But the closing ceremonies generally failed to find the whimsy or the visceral honesty of the opening ceremonies, which captured something more deeply British, instead contenting themselves with essentially being a "greatest hits" collection – the world's most expensive episode of "Britain's Got Talent."
As desserts go, it was perhaps a bit too much treacle. But that is not what the world will remember from these Olympics. It will remember what it felt like, for a little more than a fortnight, to be made a part of the happy few on this small island – this blessed plot – and what a joy that was.

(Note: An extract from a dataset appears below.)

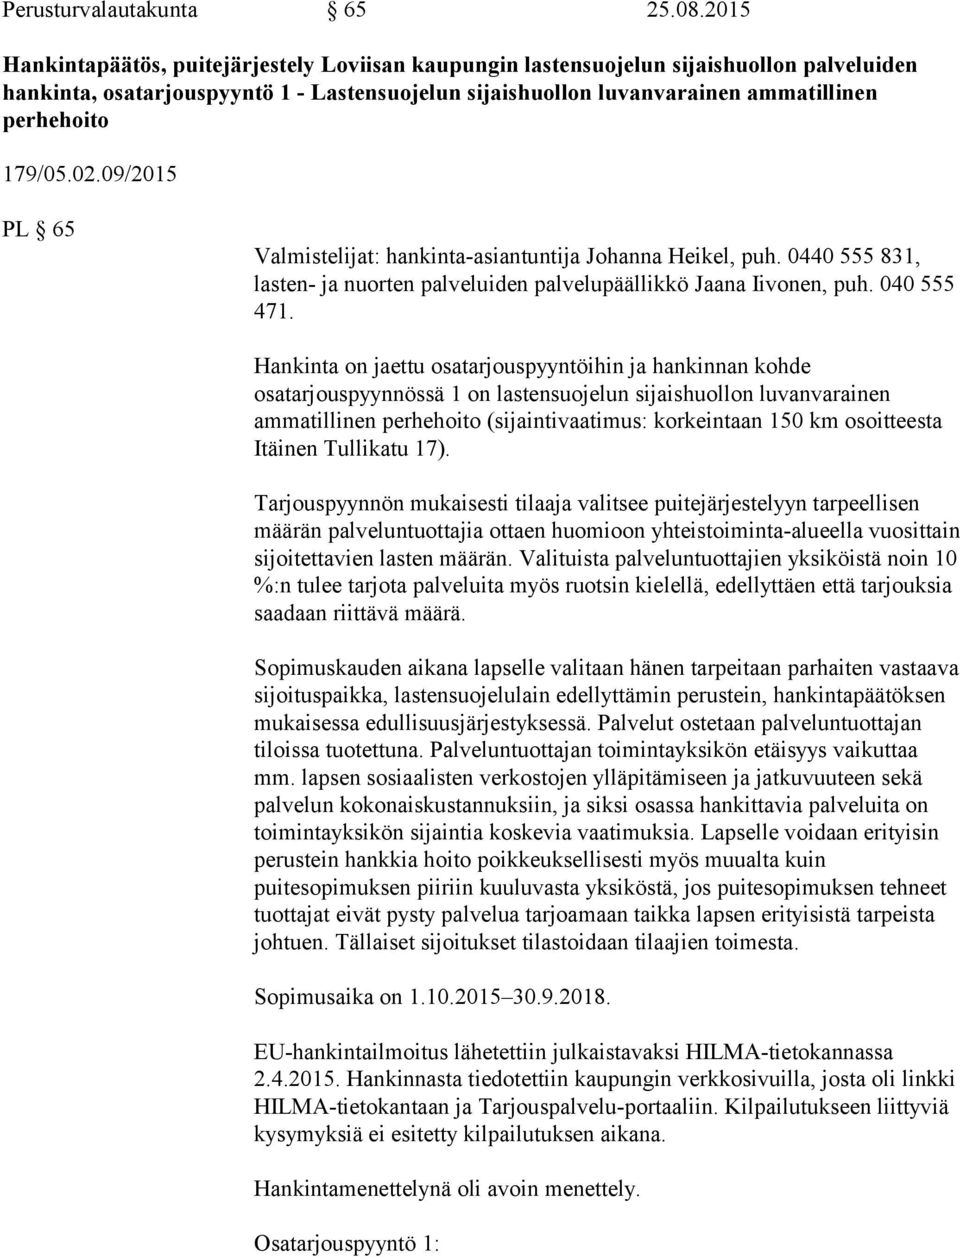 179/05.02.09/2015 PL 65 Valmistelijat: hankinta-asiantuntija Johanna Heikel, puh. 0440 555 831, lasten- ja nuorten palveluiden palvelupäällikkö Jaana Iivonen, puh. 040 555 471.

"These were happy and glorious Games," said International Olympic Committee President Jacques Rogge at the closing ceremonies, quoting a line from the British national anthem.
And he was right.
In the end, the IOC's decision to award the Olympics to London – to a city that has 1,000 years of history, that has ruled over an empire upon which the sun never set, and which has been a world hub of finance, culture, and politics since well before there was a modern Olympics – was a masterstroke. At no point since the turn of the century have the Olympics been held in a place that was so palpably content with itself.
That lent the Games something they have not had for some time – and which made the London Olympics so welcome. Breathing space. Gold medals were not statements of global hegemony, they were just reasons for the home crowd to cheer a bit louder. Olympic venues were not infused with a nation's sense of its own destiny. In places, the operation had the feeling of a giant Erector Set.